EXERCISE DATA:

Content starts

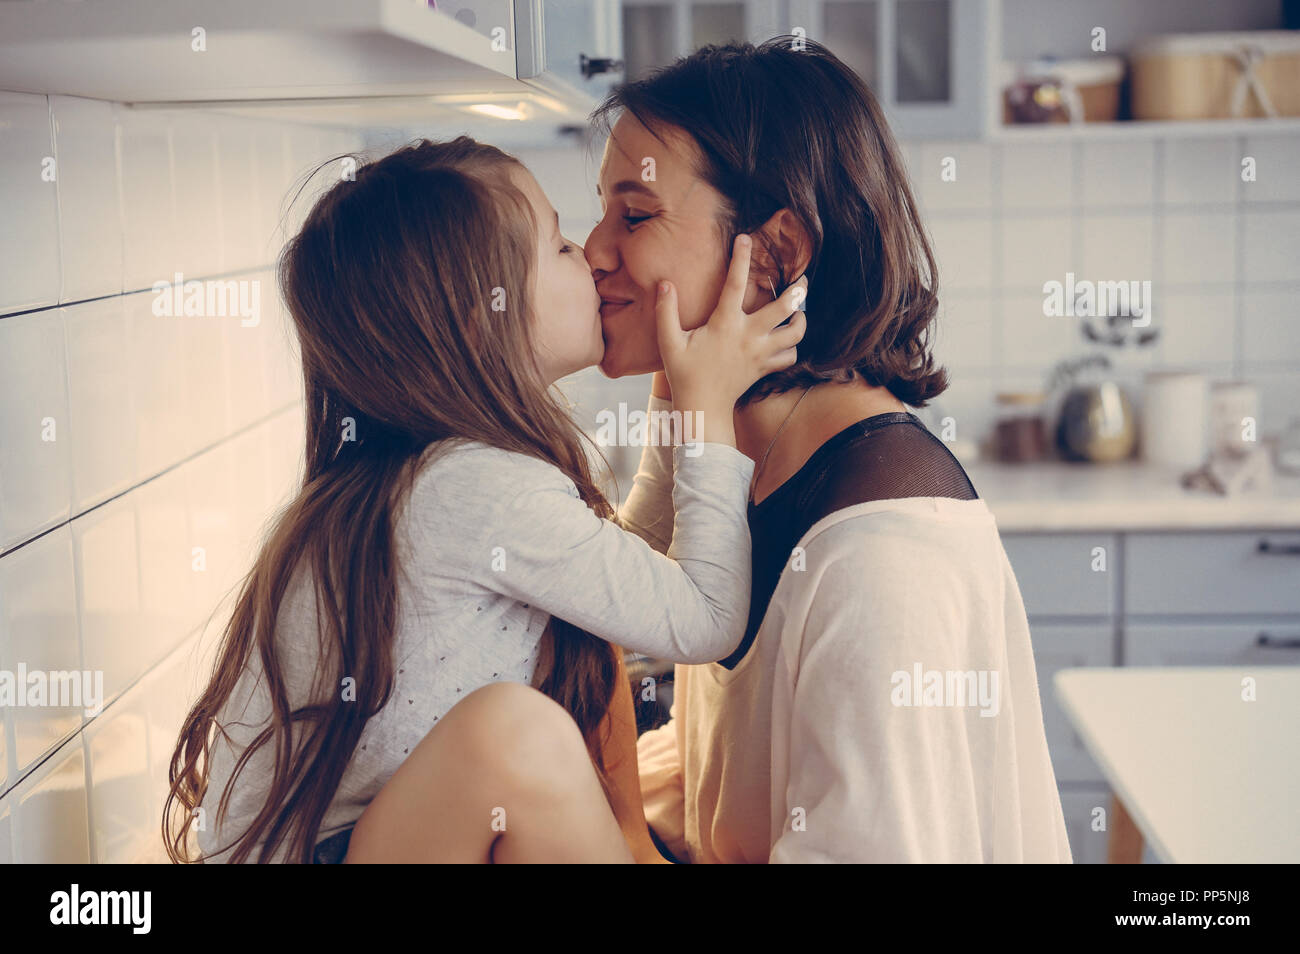 Лесбиянки мама дочка подруга. Мама с дочкой поцелуй. Мама целует дочь. Молодые лесбияночки на кухне. Мать и дочь поцелуй с языком.
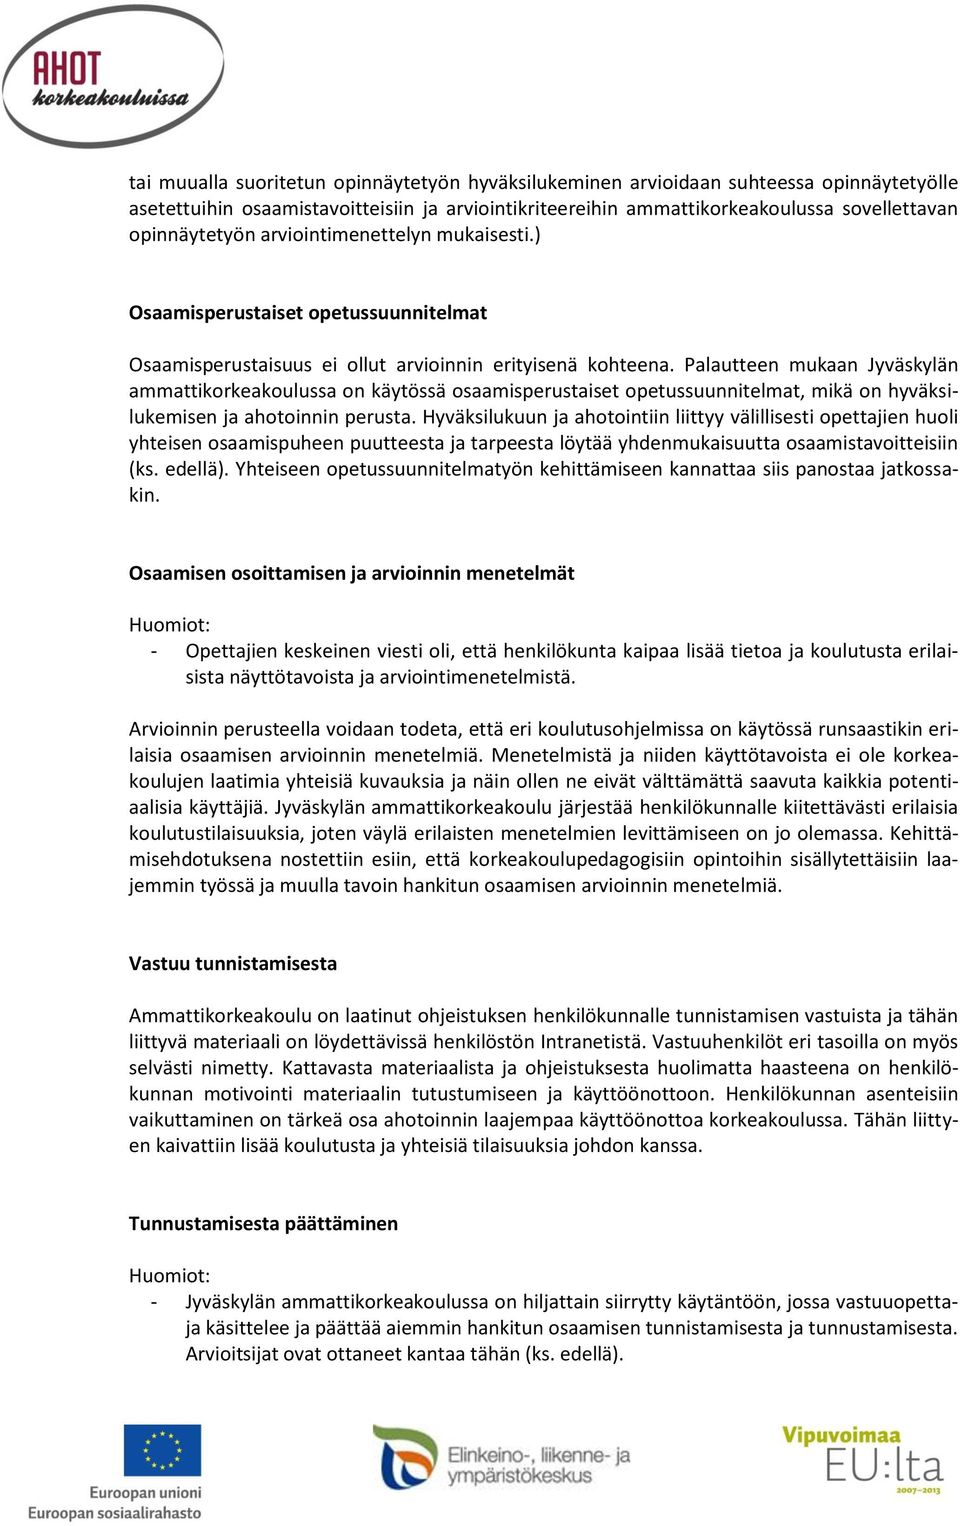 Palautteen mukaan Jyväskylän ammattikorkeakoulussa on käytössä osaamisperustaiset opetussuunnitelmat, mikä on hyväksilukemisen ja ahotoinnin perusta.
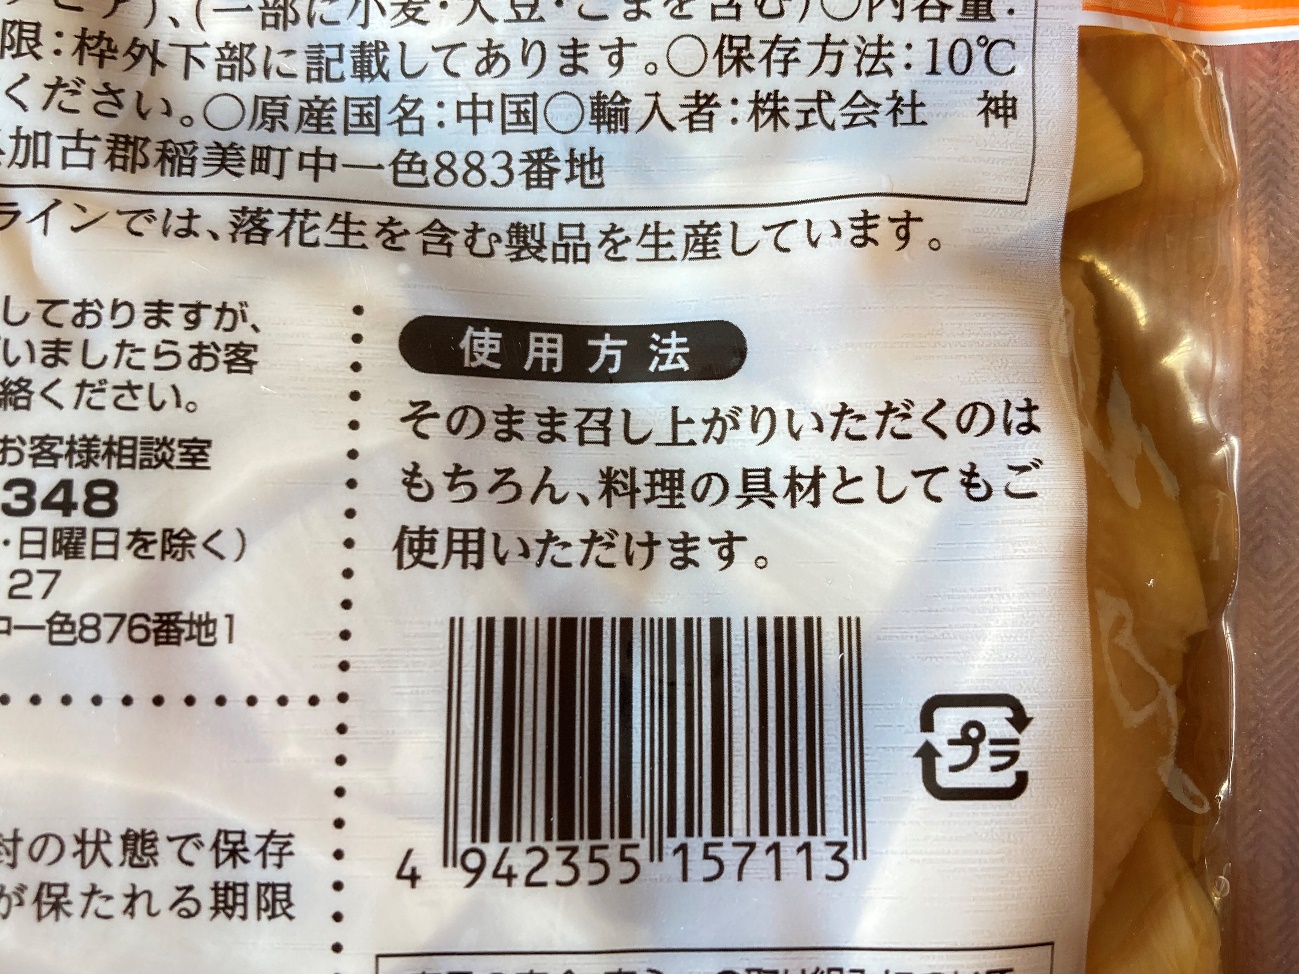 業務スーパーの味付けメンマのパッケージに記載されている使用方法

Content ends

PROMPT:
What you print must be exactly the lines from the one containing "Palautteen mukaan Jyväskylän" through the last line of the material, and no pictures.

RESULT BELOW:
 Palautteen mukaan Jyväskylän ammattikorkeakoulussa on käytössä osaamisperustaiset opetussuunnitelmat, mikä on hyväksilukemisen ja ahotoinnin perusta.
 業務スーパーの味付けメンマのパッケージに記載されている使用方法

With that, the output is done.